= PROBLEM REQUIREMENTS =
Please restate the entries verbatim. The copy should hold no pictures.

= DATASET CONTENT =
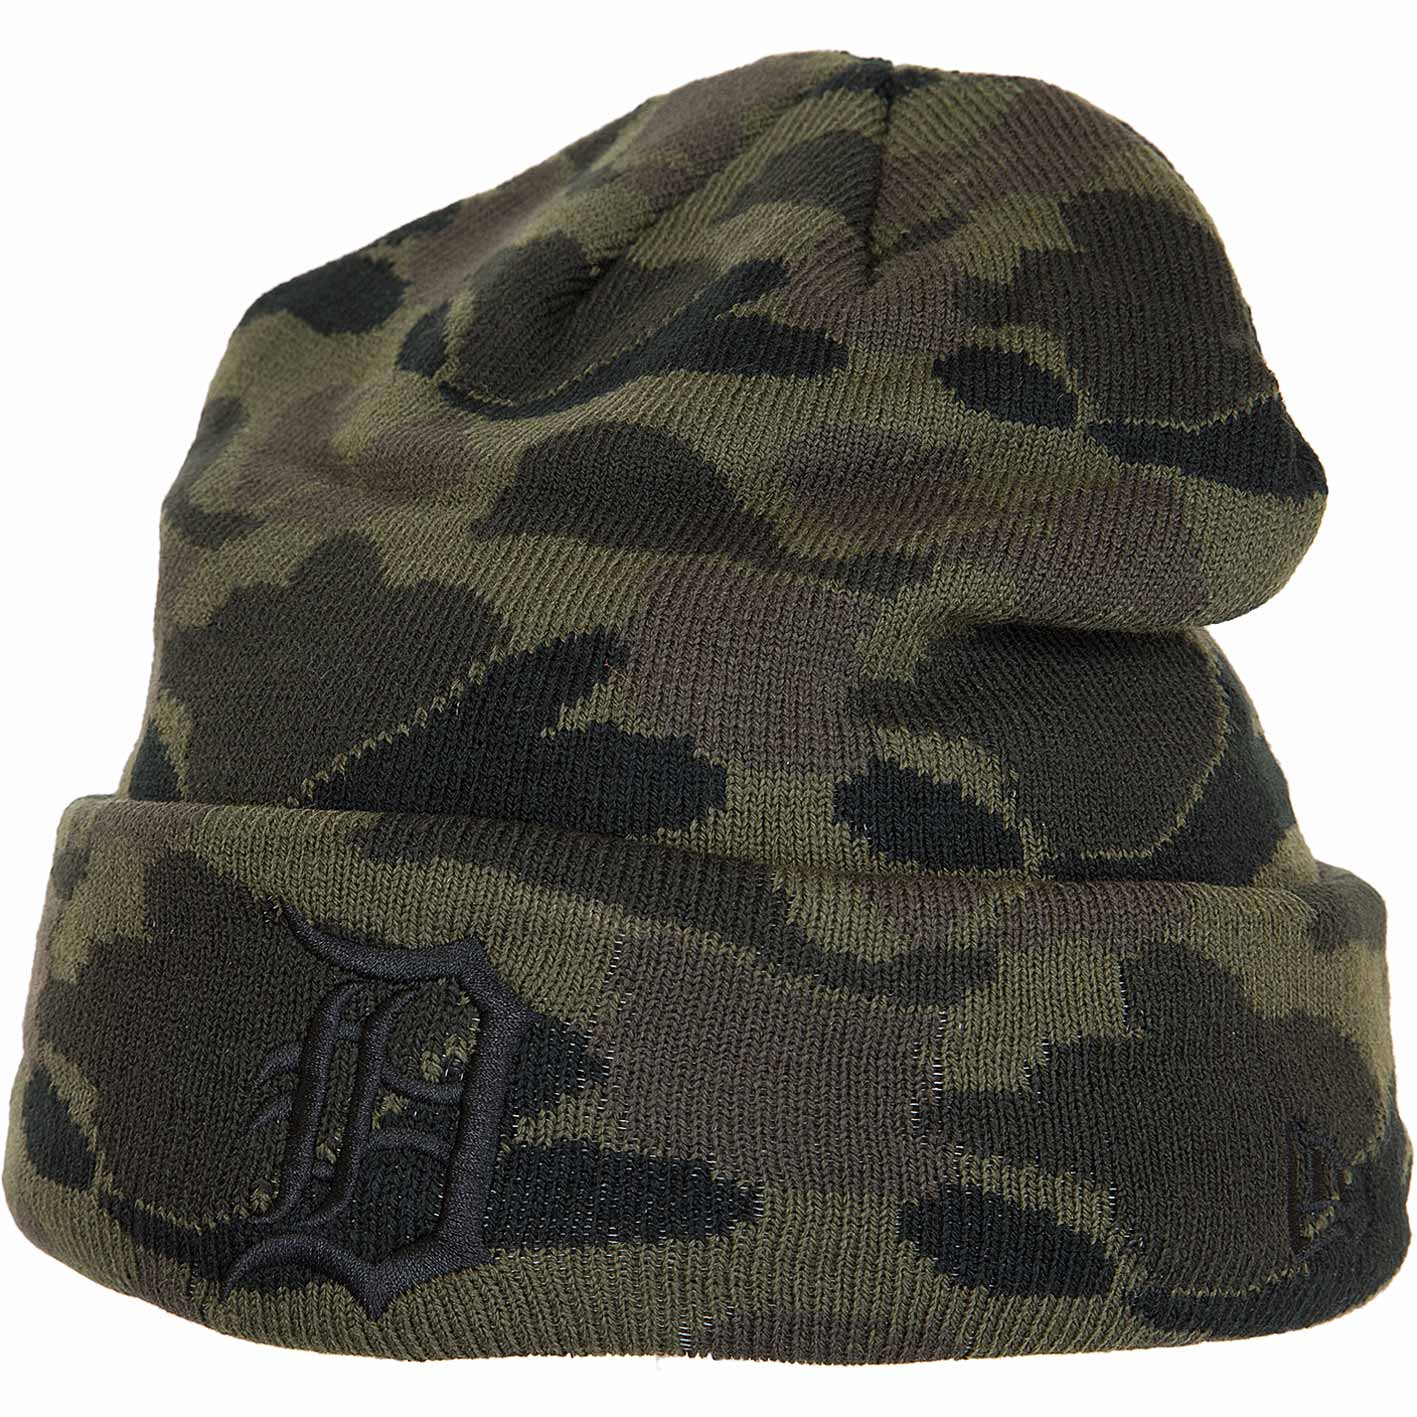 quality design 04b01 0fcc2 New Era Beanie Camo Cuff Knit Detroit Tigers Camouflage Hier
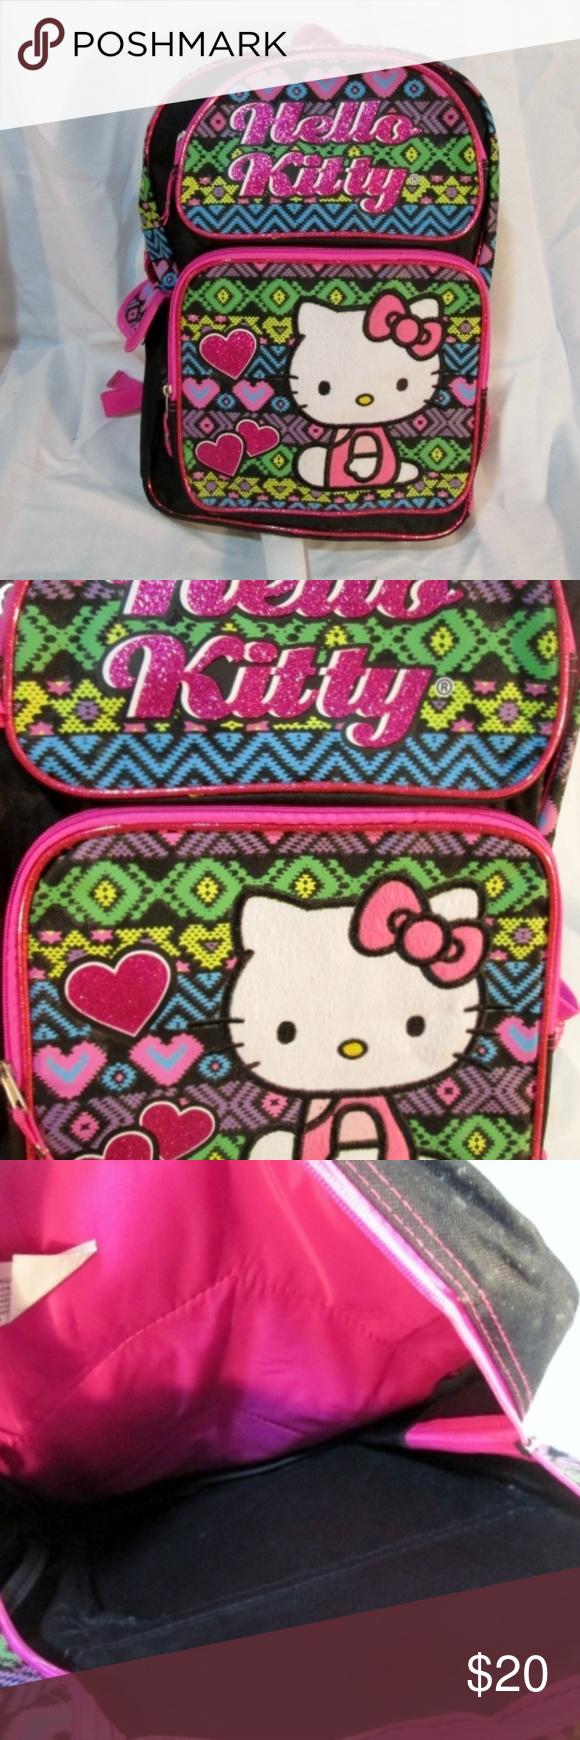 a92d1091d9 HELLO KITTY Glitter BACKPACK Shoulder Rucksack Bag Beautiful HELLO KITTY  backpack   rucksack   travel bag
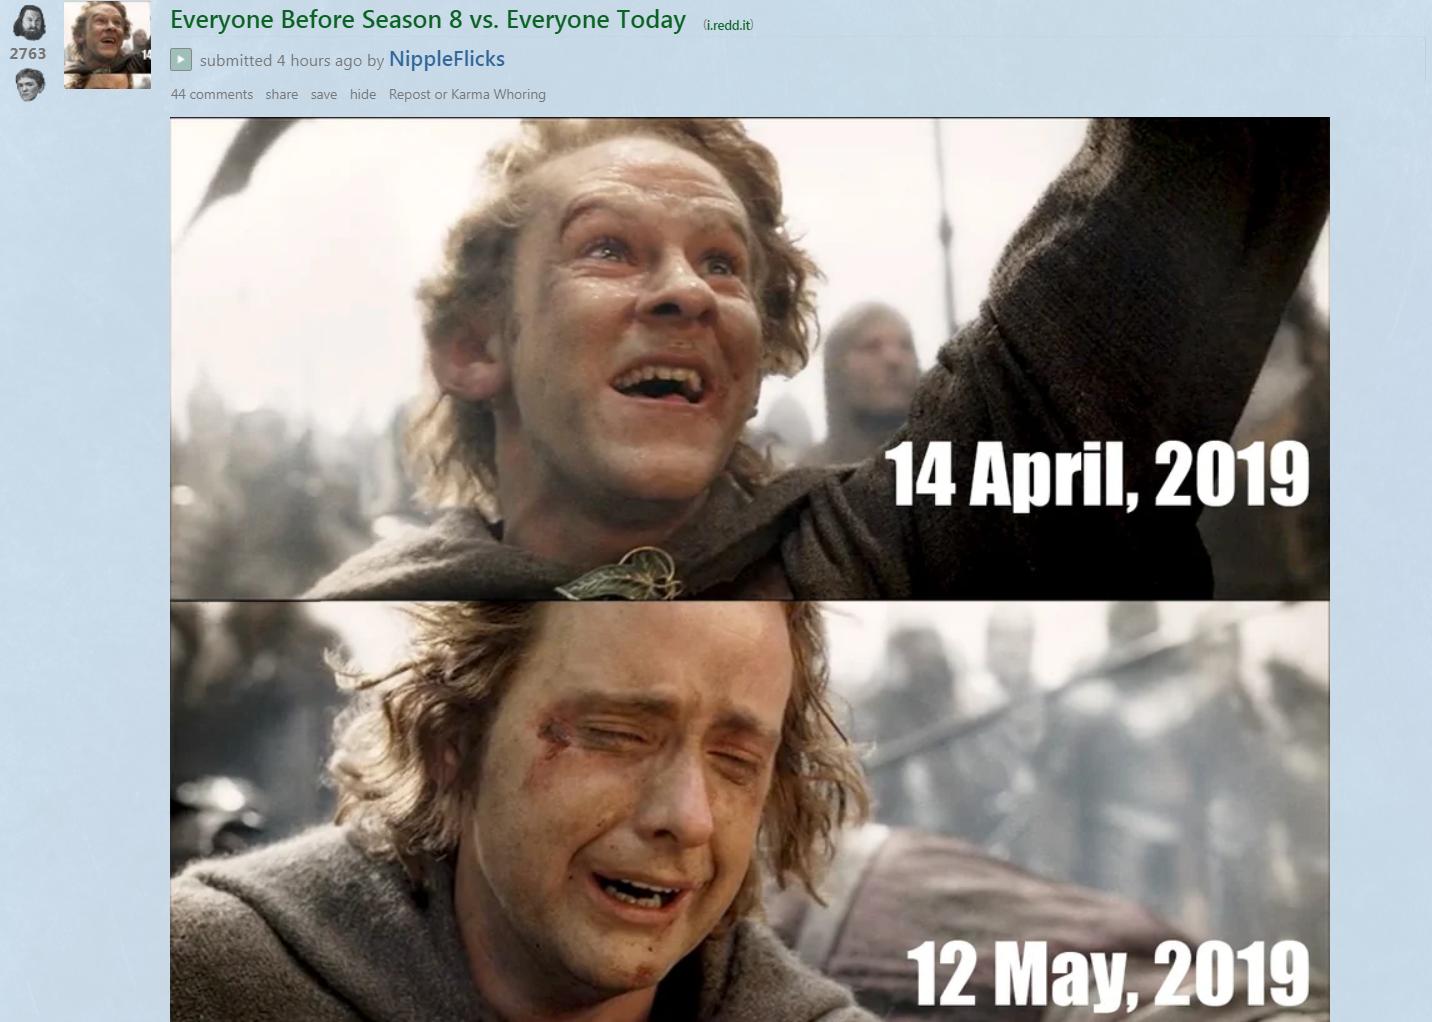 Memes, reactions to 'Game of Thrones' season 8, episode 5
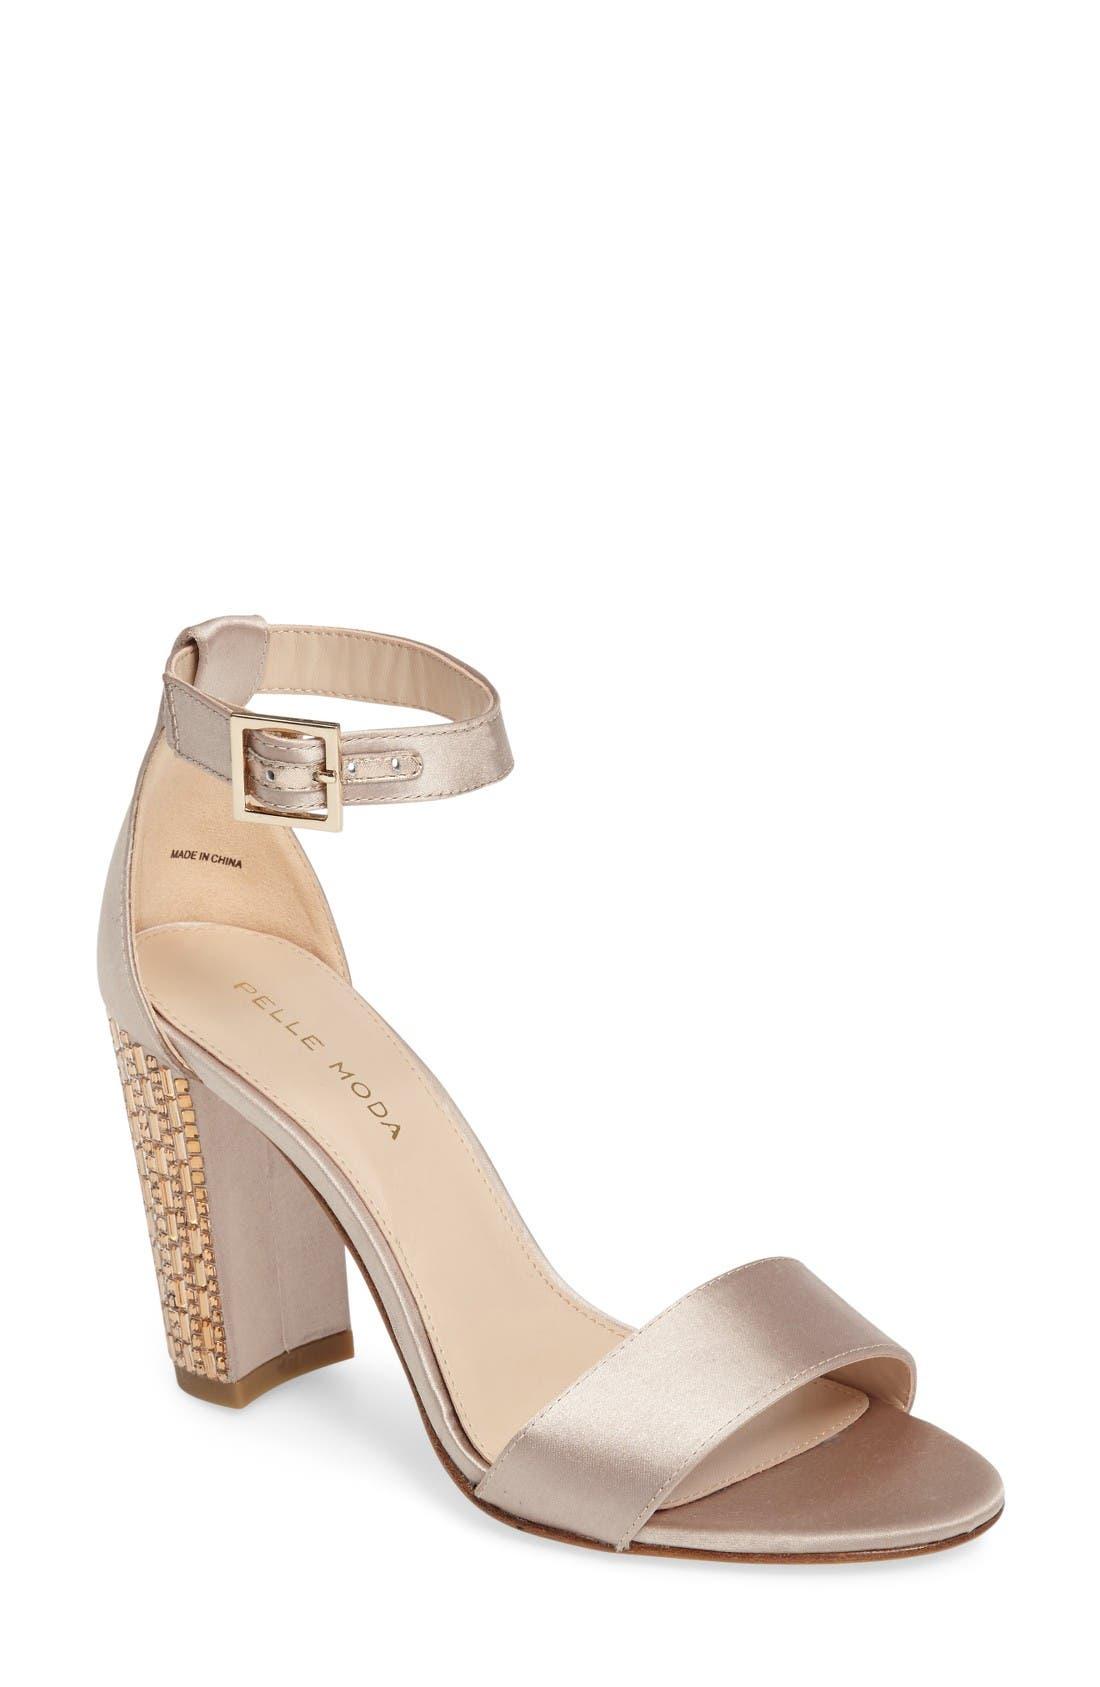 Pelle Moda Bonnie 3 Embellished Ankle Strap Sandal (Women)
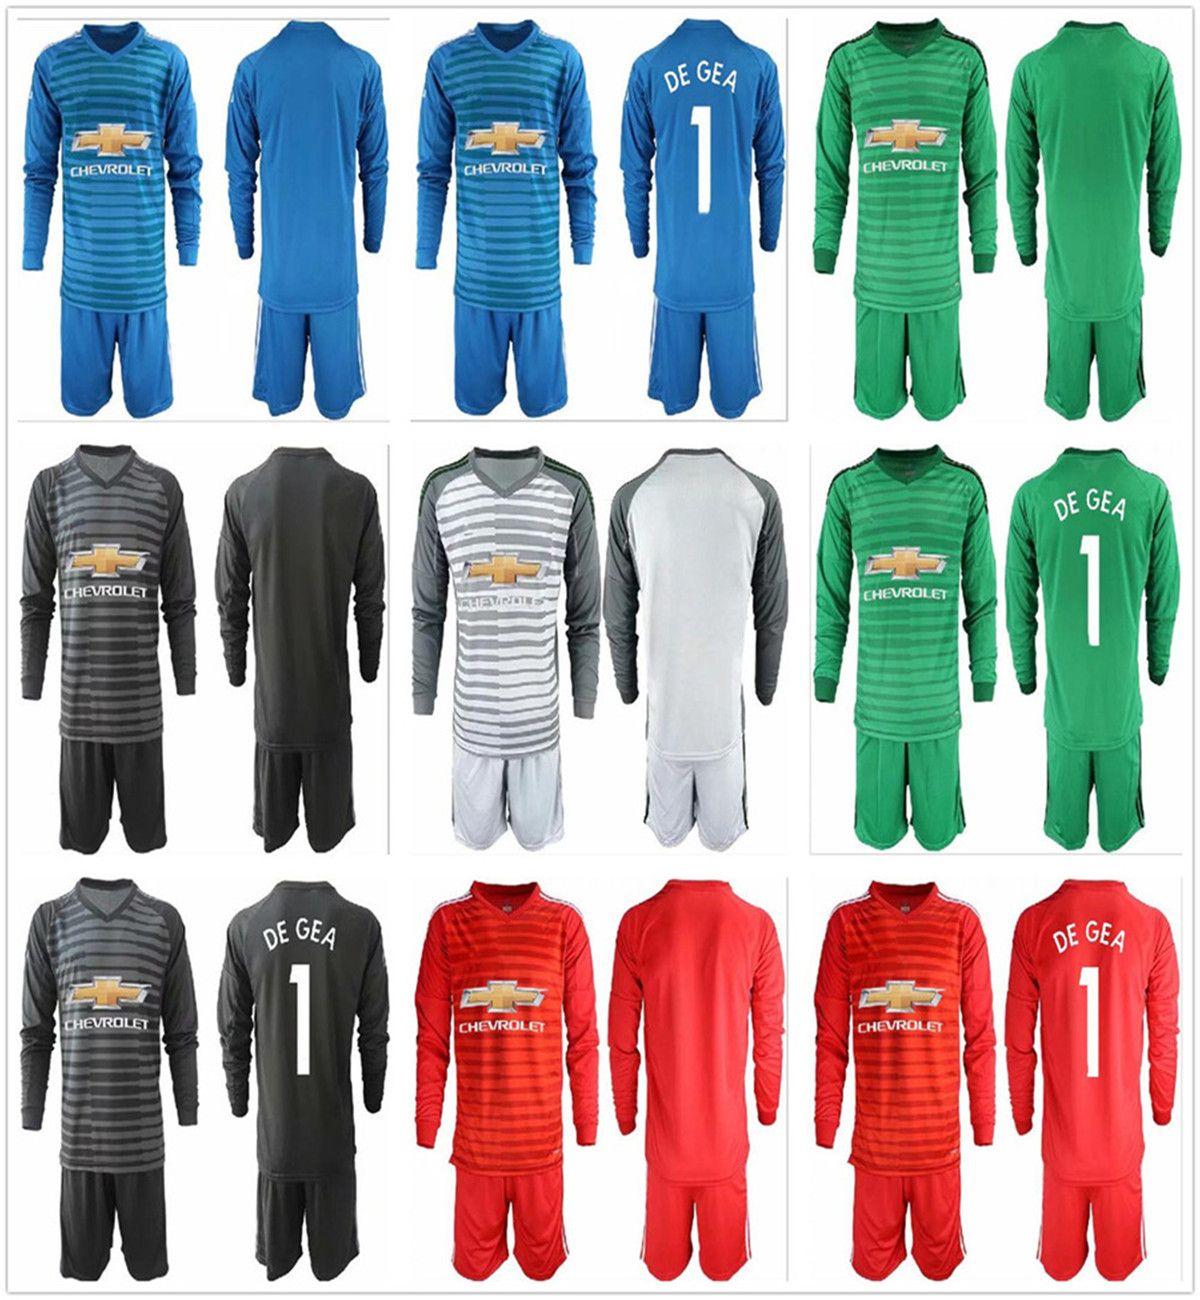 new concept 6e951 8498c 2018 2019 Men Long Goalkeeper Adults Kit Goalkeeper Soccer Sets #1 David De  Gea 22 S.Romero Goalie Adult Full Football Jersey Uniform Set

= RESULT =
 quality design 04b01 0fcc2 New Era Beanie Camo Cuff Knit Detroit Tigers Camouflage Hier
 a92d1091d9 HELLO KITTY Glitter BACKPACK Shoulder Rucksack Bag Beautiful HELLO KITTY  backpack   rucksack   travel bag
 Memes, reactions to 'Game of Thrones' season 8, episode 5
 Pelle Moda Bonnie 3 Embellished Ankle Strap Sandal (Women)
 new concept 6e951 8498c 2018 2019 Men Long Goalkeeper Adults Kit Goalkeeper Soccer Sets #1 David De  Gea 22 S.Romero Goalie Adult Full Football Jersey Uniform Set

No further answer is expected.